Saul paused. He could taste a mass movement in the air. He could sense the migration of the compact little bodies, was aware of the exodus of his troops from the streets and sewers and scrub, towards the glowing building. He could feel the scratch of claws on concrete, the feverish searching for causeways and flaws in brick.
The rats and Saul left the relative safety of London’s night lands and entered the warehouse, the frenzied jaws of Drum and Bass, the domain of smoke and strobe lights and Hardcore, the Piper’s lair, the heart of Darkness, deep in the Jungle.
The wooden boards drummed under Saul’s feet: the dust motes would not settle but hovered instead in an indistinct mist around his ankles. He crept the length of the long attic. In the corner of the great dark space there was a trapdoor.
Saul flattened himself against the floor and tugged at it very gently, raising it slowly away from the surrounding boards. Music and colored light and the smell of dancers spilled through the slit to which he put his eye.
The lights below spun and changed colors, illuminating and obscuring, bouncing off suspended globes and dissipating throughout the hall. Th
ey cut through the darkness, confusing as much as they elucidated.
A long way below him was the dancefloor. It was a hallucinogenic vision, shimmering and metamorphosing like a fractal pattern, feverish bodies moving in a thousand different ways. In the corners lurked the bad boys, nodding their heads, no more than that, no reaction to the overwhelming music. On the floor the hard-steppers, swinging their arms, loose-limbed and syncopated; and those on speed and coke, ludicrously trying to keep up with the BPM, shifting their feet like lunatics; the rudegirls, arms spread wide, winding their hips slowly to the bassline, a barrage of colors and clothes and undress. The dancefloor was tight packed, thronging with bodies, decadent and vibrant, thrilling, communal and brutal.
As he watched, a strobe light kicked in, transforming the room momentarily into a series of frozen tableaux. Saul could investigate individuals almost at his leisure. He was struck by the multiplicity of expressions on the faces below.
The Drum and Bass felt as if it would lift the hatch out of the floor, off into the sky. It was unforgiving, a punishing assault of original Hardcore beats.
A little below him an iron walkway described the edge of the hall. It was deserted. There was a ladder in one corner, tucked up under the walkway and secured with chains. It was designed to swing down to another, similar ledge further down. This lower level was crowded with bodies, people looking down on the dancers ten feet below.
Saul cast his eyes around the hall. There was a tiny movement in the corner opposite him.
Red and green lights swirled around a black shape suspended from the ceiling.

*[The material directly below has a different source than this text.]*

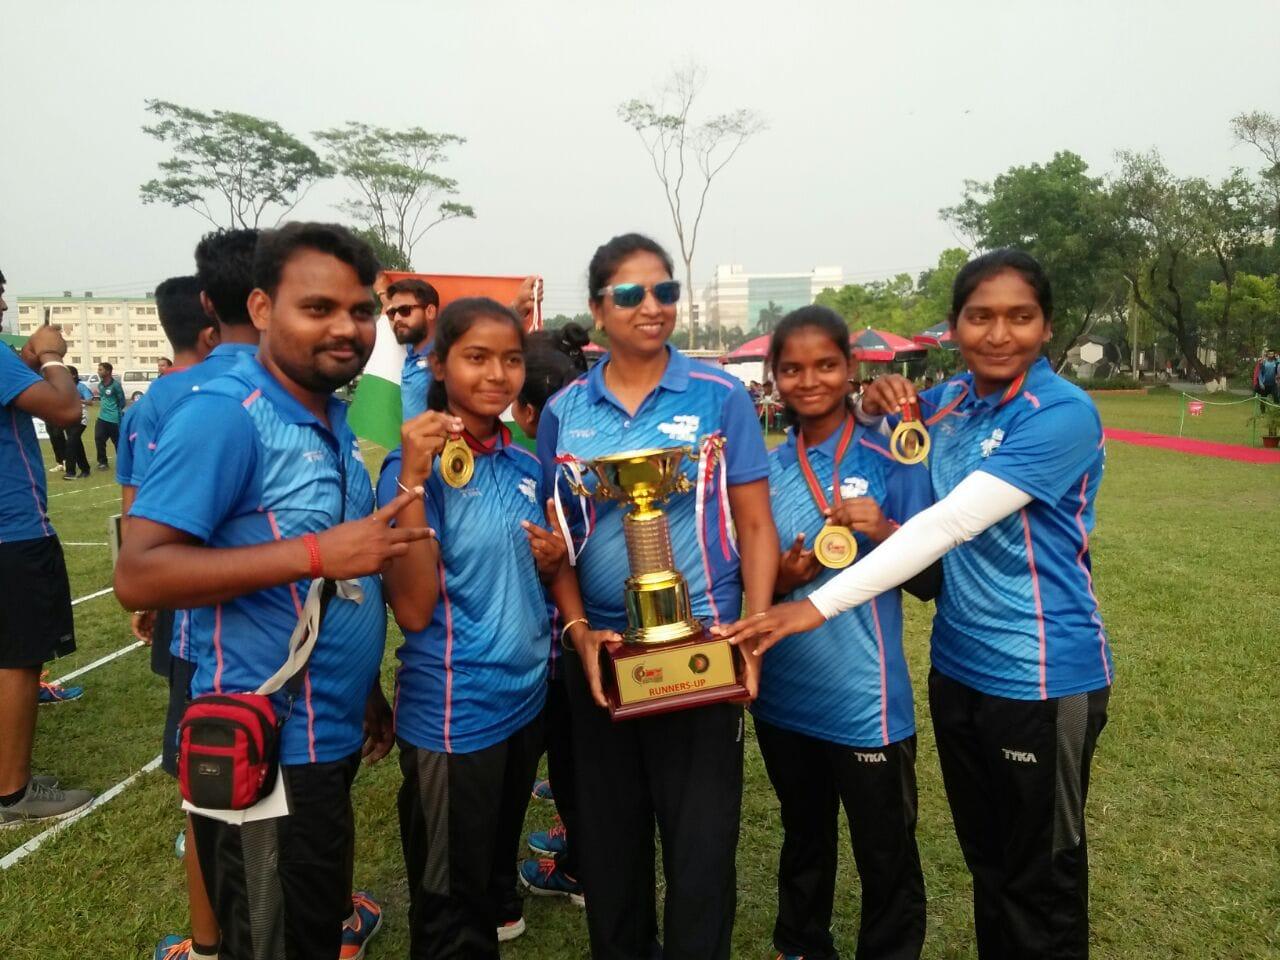 <p>भारतीय टीम ने ग्रुप कंपाउंड आर्चरी में बांग्लादेश को हराकर गोल्ड जीता I टीम में भारत की उभरती हुई सनसनी कस्तूरबा गाँधी सोनाहातू की छात्रा बबिता कुमारी और सविता कुमारी…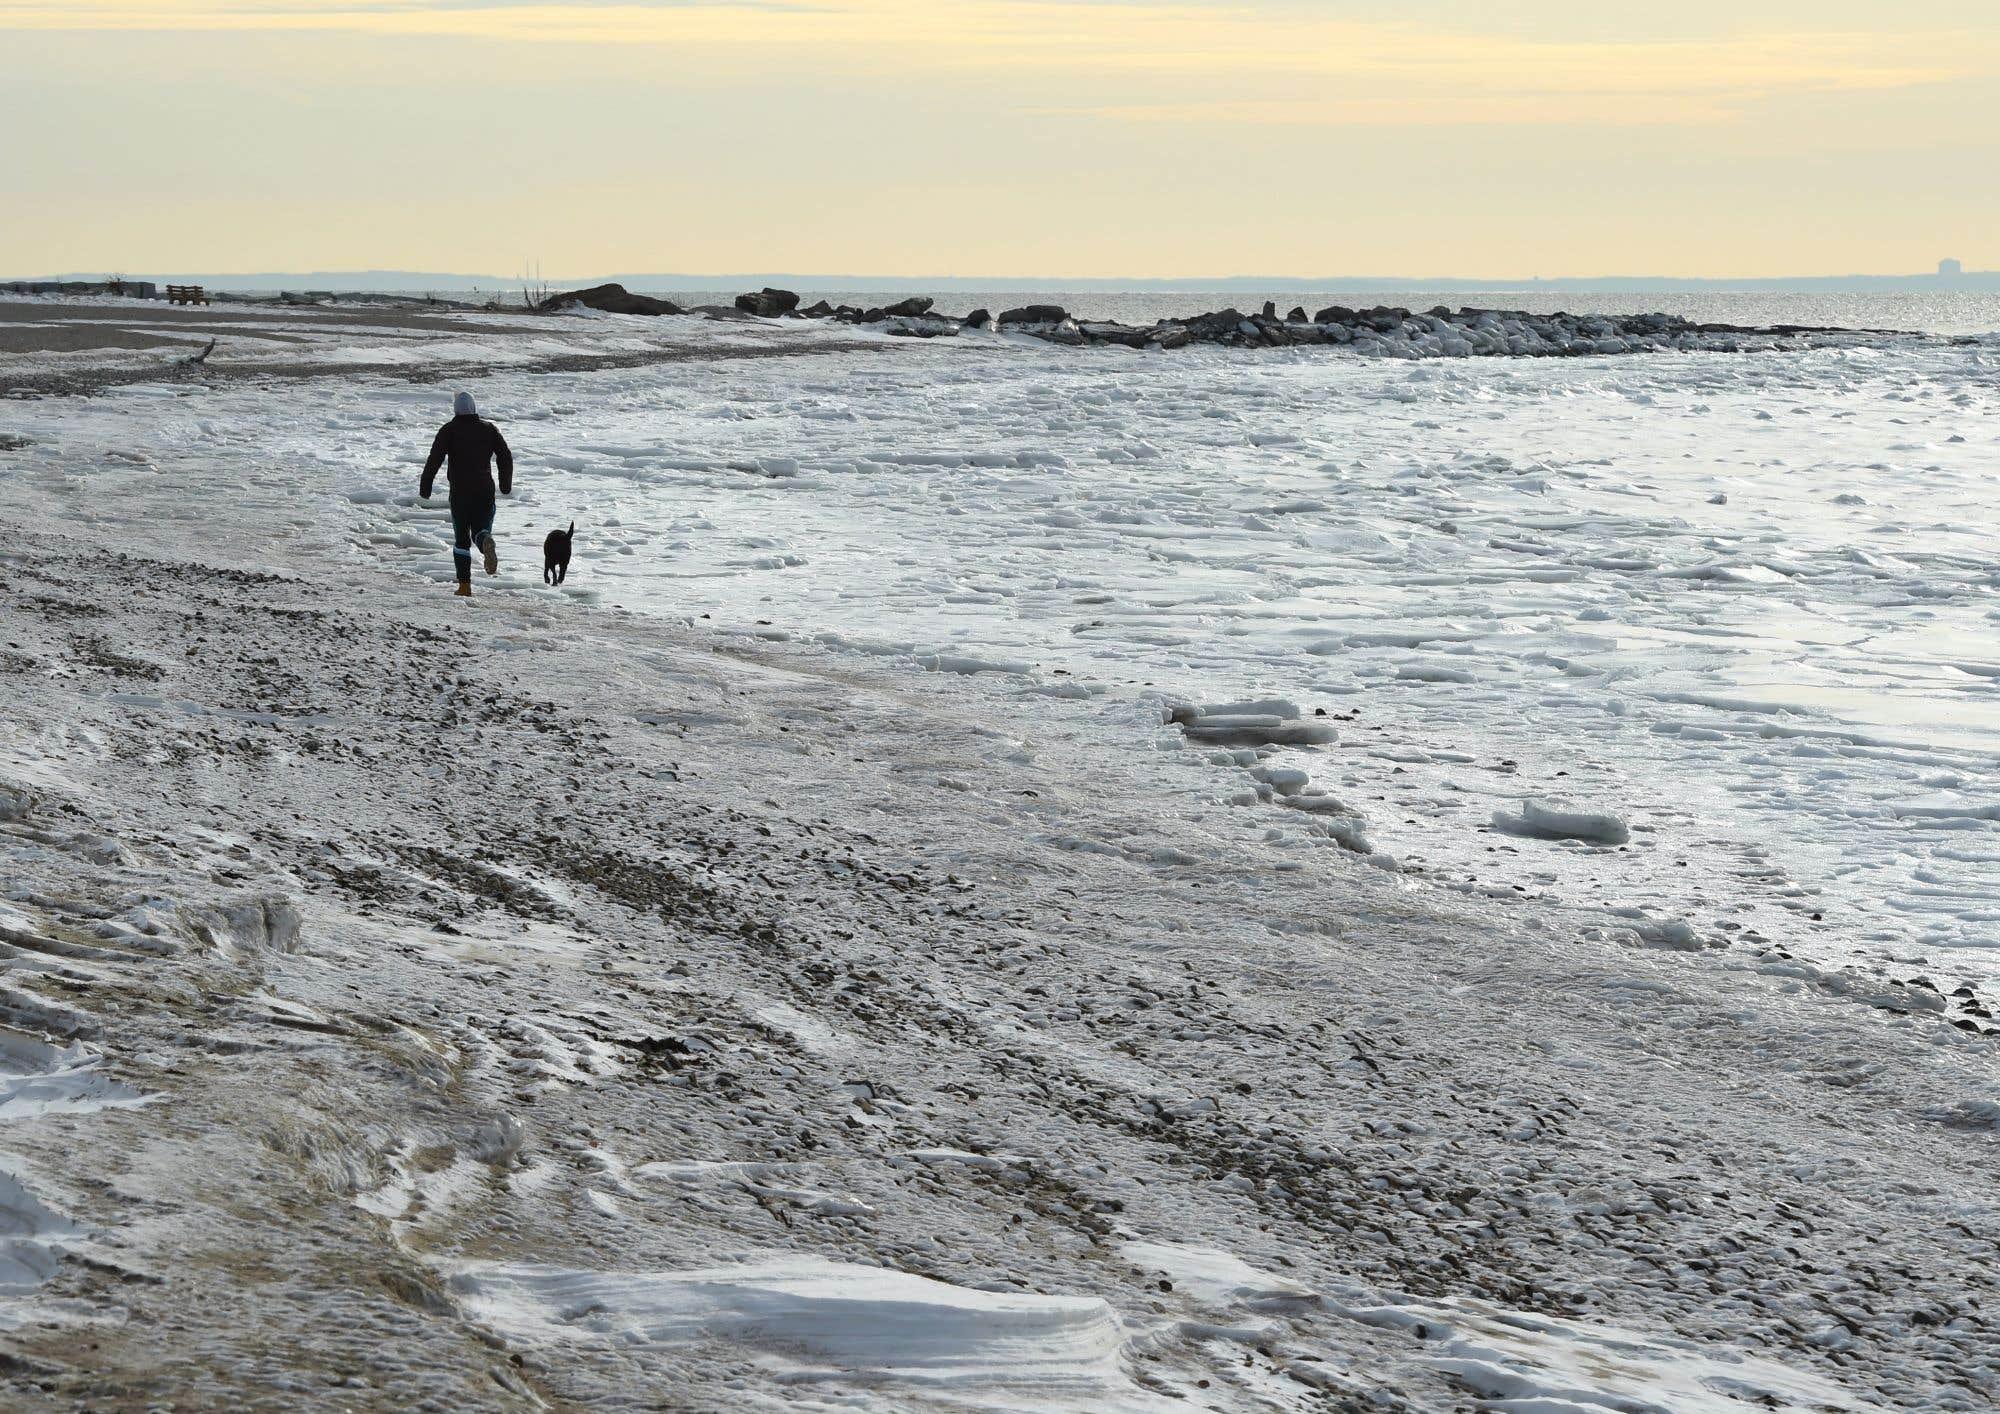 Le détroit de Long Island avait des allures apocalyptiques en début de semaine alors que le Nord-Est américain continuait de subir des températures très froides. Un homme promenait son chien le long du cours d'eau gelé.

Anansi swung gently from one of his ropes. His arms and legs were tucked up impossibly tight. His knuckles were just visible, motionless, and stretched taut from grasping.
He swayed from side to side, buffeted by sonic vibrations. Saul knew that Anansi’s army was with him, around them both, invisible and ready.
Directly below Anansi, Saul saw the stage raised above the dancefloor. His breath quickened a little: there, framed by two colossal speakers, were the decks.